It does, quite a bit. I was thinking -- naively -- that I might gently tap with my center punch which has a conical tip, maybe 60-degrees off axis. The tricky part here (for me) is size ... the rivet shank diameter is around 1/16". So I need to have a center indent in the middle of that, and then flare out the edges to create a peen, of sorts.

Your confirmation of an angled / conical tool helps a lot!

TJ


----------



## Reckers

TJ,
Depending on size, an ice pick, a center punch, or a plumb bob: if you put one of the three into a vise and tap the tubing down onto it to flare the end, it might be easier. Once you have a good flare started, rolling it over is tricky. You can put a same-diameter piece of wood dowel/toothpick/skewer inside that is the same initial length as the rivet; just slide it in and break it off---it should help prevent the rivet from folding on it's length. Put the flared end down on a smooth, polished surface and gently tap the other end. The wood will keep the cylinder intact and will crush as you tap, letting the flared end take all the pressure. Short of buying a riveting tool, that should work.


----------



## tjcruiser

Reck,

Thanks for the tips above ... quite helpful. I like the toothpick idea. That said, I think (???) the Lionel rivets I've orders are solid, not tubular, so I don't run the risk of buckling their length.

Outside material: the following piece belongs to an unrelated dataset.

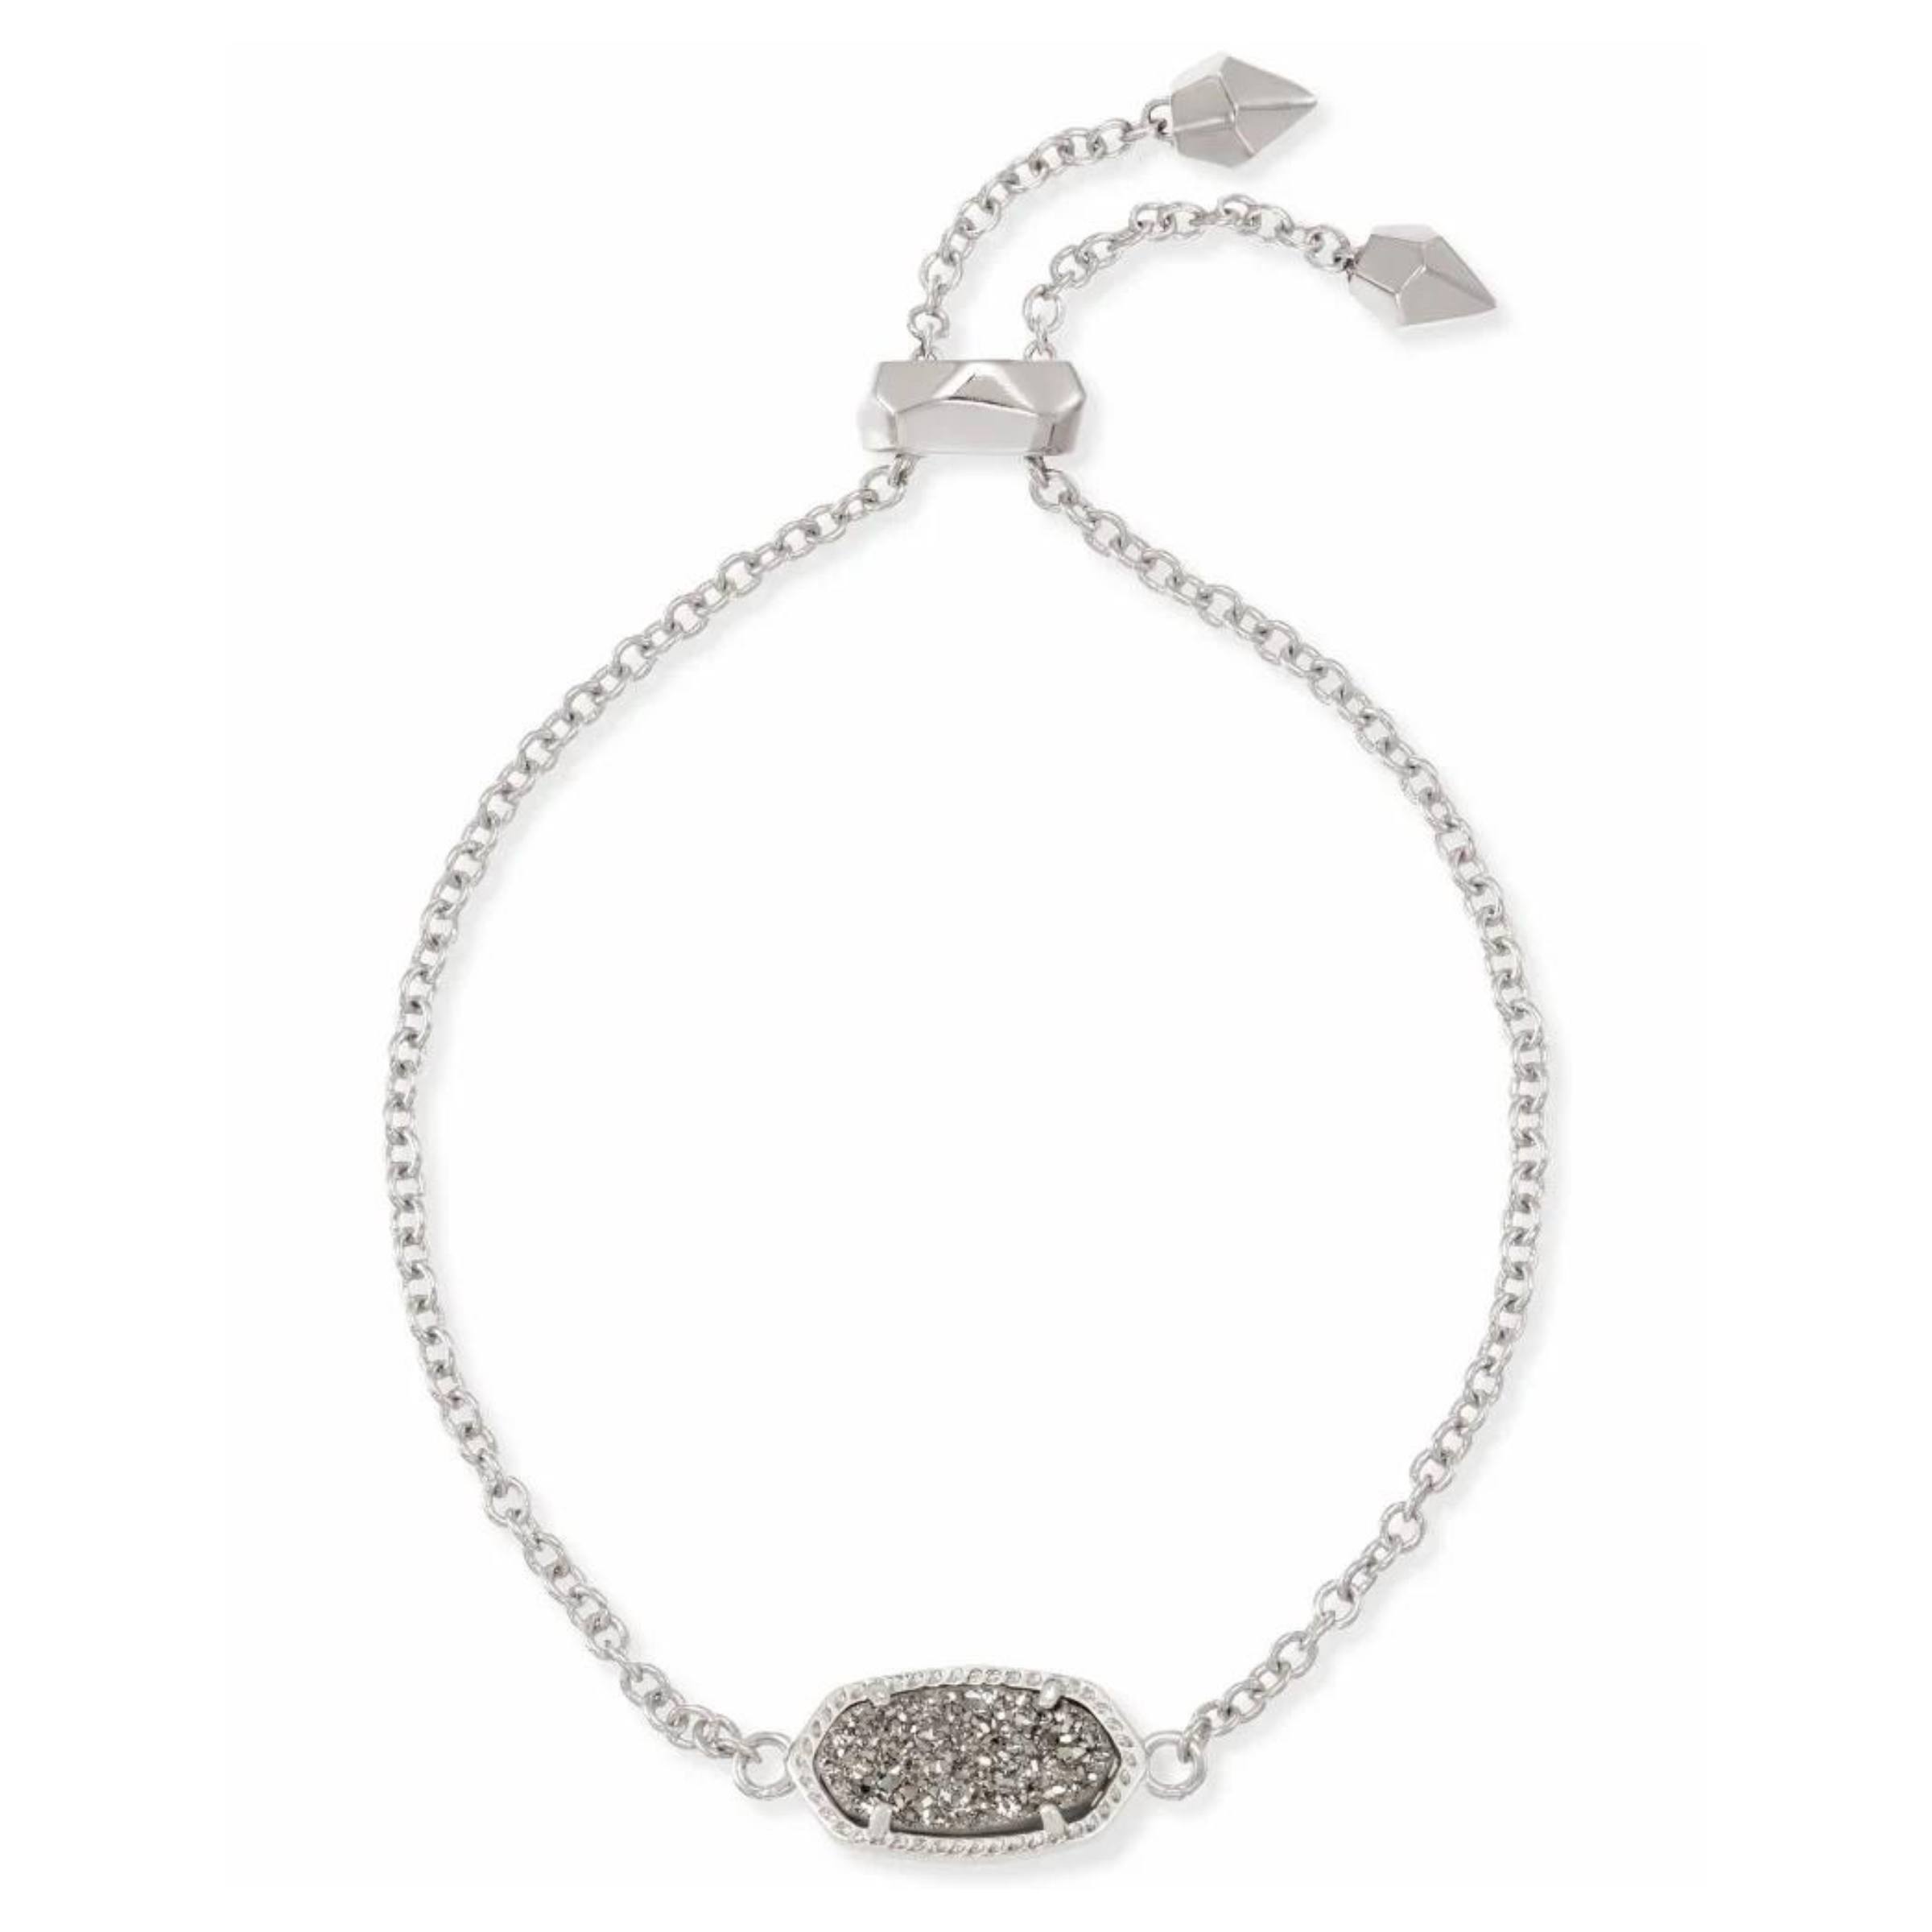 Kendra Scott | Elaina Silver Adjustable Chain Bracelet in Platinum Drusy - Giddy Up Glamour Boutique

I need two rivets on the loco, but I ordered 4 rivets so that I can experiement a bit before committing to the real thing. What scares me is that my "tapping and peening" has to be done essentially adjacent to my nice new shiny paint job.

Maybe I need to grasp that "new car" mentality ... the one where we're all paranoid about getting that first chip or ding on our brand new car ... you know it's bound to happen, but you just dread the thought ... and then when it does, you're actually a bit relieved that you don't have to be quite so paranoid about getting a chp any more.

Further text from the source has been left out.